Einzugsarbeiten verursachen häufig Lärm

Bitte denken Sie immer daran, Sie wohnen nicht allein im Haus. Sprechen Sie deshalb geräuschvolle Arbeiten mit den Nachbarn ab. Schonen Sie das Treppenhaus (es ist auch Ihre Visitenkarte). Beseitigen Sie nach dem Einzug unvermeidbare Spuren.

So helfen Sie Betriebskosten zu sparen

Durch konsequente Mülltrennung; seien Sie Vorbild für Andere. Achten Sie auch darauf, dass Ihre Wohnanlage in Ordnung gehalten wird – die Reinigungsdienste danken es Ihnen und Ihre Betriebskosten bleiben stabil.

Briefkastenanlage

Ihre Besucher und die Postzustellung finden Sie leichter, wenn Sie die durch unsere Mitarbeiter am Briefkasten und an der Klingel angebrachten Namensschilder in ihrer Funktion erhalten und ggf. erneuern.

Richtige und ausreichende Versicherung

Eine richtige Hausratversicherung ersetzt im Schadenfall Mobiliar, Einrichtungsgegenstände und Technik. Der Versicherer Ihres Vermieters ersetzt nur Gebäudeteile und alles was fest mit dem Gebäude verbunden ist.

Abfallentsorgung

Verhaltensregeln im Umgang mit dem Gelben Sack und dem Gelben Grossbehälter

Befüllen Sie den Gelben Grossbehälter bzw. die Gelben Säcke nur mit den dafür vorgesehenen Verkaufsverpackungen
Sie erkennen diese Verpackungen an dem aufgedruckten sogenannten “Grünen Punkt”
Solche Verpackungen können aus Kunststoff, Metall sowie aus Verbundstoffen bestehen. Beachten Sie bitte, daß andere Erzeugnisse aus solchen Materialien wie z.B. Blumentöpfe, Spielzeug aus Plastik nicht über das Duale System entsorgt werden! Derartige Erzeugnisse gehören nicht in den Gelben Sack oder Gelben Grossbehälter sondern in den Restmüll.
Benutzen Sie für die Entsorgung Ihres Restmülls ausschließlich Ihren Restmüllcontainer und nicht den Gelben Grosscontainer
Kartonagen sowie Hochglas (Flaschen und Gläser) mit dem “Grünen Punkt” sowie Zeitungen und Papier gehören in den Papier- bzw. in den Glascontainer und nicht in den Gelben Grossbehälter!
Sollten die Gelben Grossbehälter voll sein, benutzen Sie bitte die Gelben Säcke.
Sie erhalten die Gelben Säcke bei der Stadt- bzw. Gemeindeverwaltung, beim Landratsamt, beim Landkreis Vorpommern-Rügen, Eigenbetrieb Abfallentsorgung sowie weiteren Verteilstellen,  welche Sie unter http://www.gelb-kommt-an.de/verteilstellen.php finden.
Legen Sie die gefüllten Säcke bitte erst zum Abfuhrtag heraus. Entnehmen Sie den Abfuhrtag bitte dem gültigen Abfallkalender.

Verhaltensregeln bei der Entsorgung von Sperrmüll

Bitte stellen Sie Ihren Sperrmüll nicht ohne Anmeldung und einen verbindlichen Entsorgungstermin zur Abholung bereit.

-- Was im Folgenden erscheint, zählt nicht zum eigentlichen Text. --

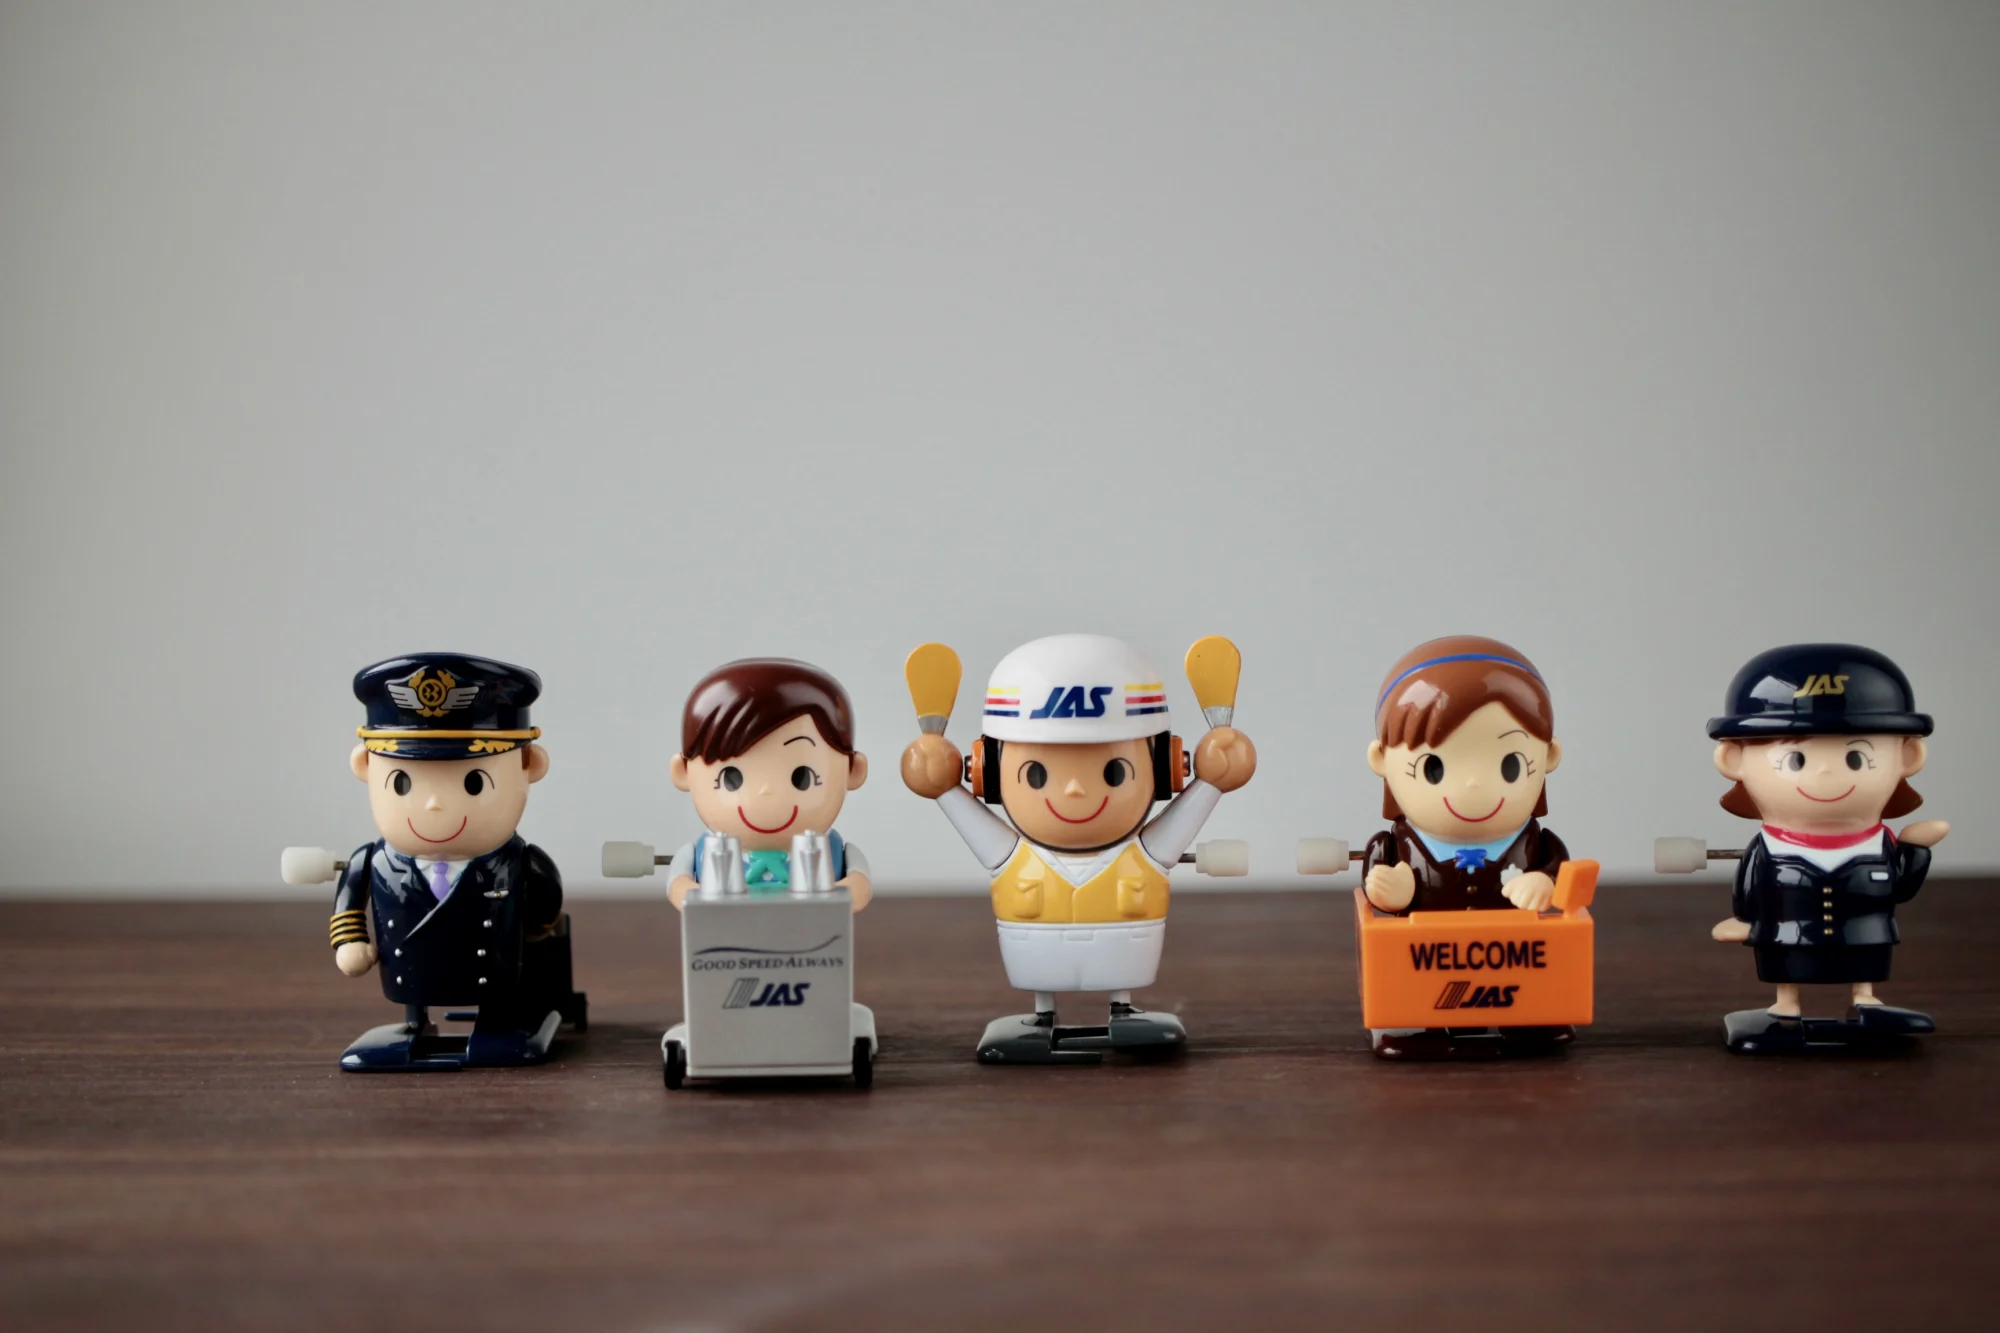 90年代日本JAS航空出品了一组发条玩具，玩具造型分别为JAS机长、空乘、地面引导员、地勤和推车空乘。

Legen Sie bitte keinen Sperrmüll ohne erfolgte Anmeldung zu einem bereitgestellten Sperrmüllhaufen.
Melden Sie Ihre Sperrmüllabfuhr bitte selbstständig und rechtzeitgi beim Landkreis Vorpommern-Rügen, Eigenbetrieb Abfallwirtschaft, Rostocker Chaussee 46a in 18437 Hansestadt Stralsund an. Benutzen Sie hierfür die offiziele Sperrmüllkarte des Eigenbetrieb Abfallwirtschaft oder nutzen Sie die Möglichkeit der Onlineanmeldung unter www. awi-vr.de. Sie erhalten Spermüllkarten am Müllwagen, bei Ihrer Stadt- bzw. Gemeindeverwaltung, der Sparkasse Rügen, der Volks- und Raiffeisenbank Rügen, dem Landratsamt, der Nehlsen Entsorgungs GmbH sowie beim Landkreis Vorpommern-Rügen, Eigenbetrieb Abfallwirtschaft.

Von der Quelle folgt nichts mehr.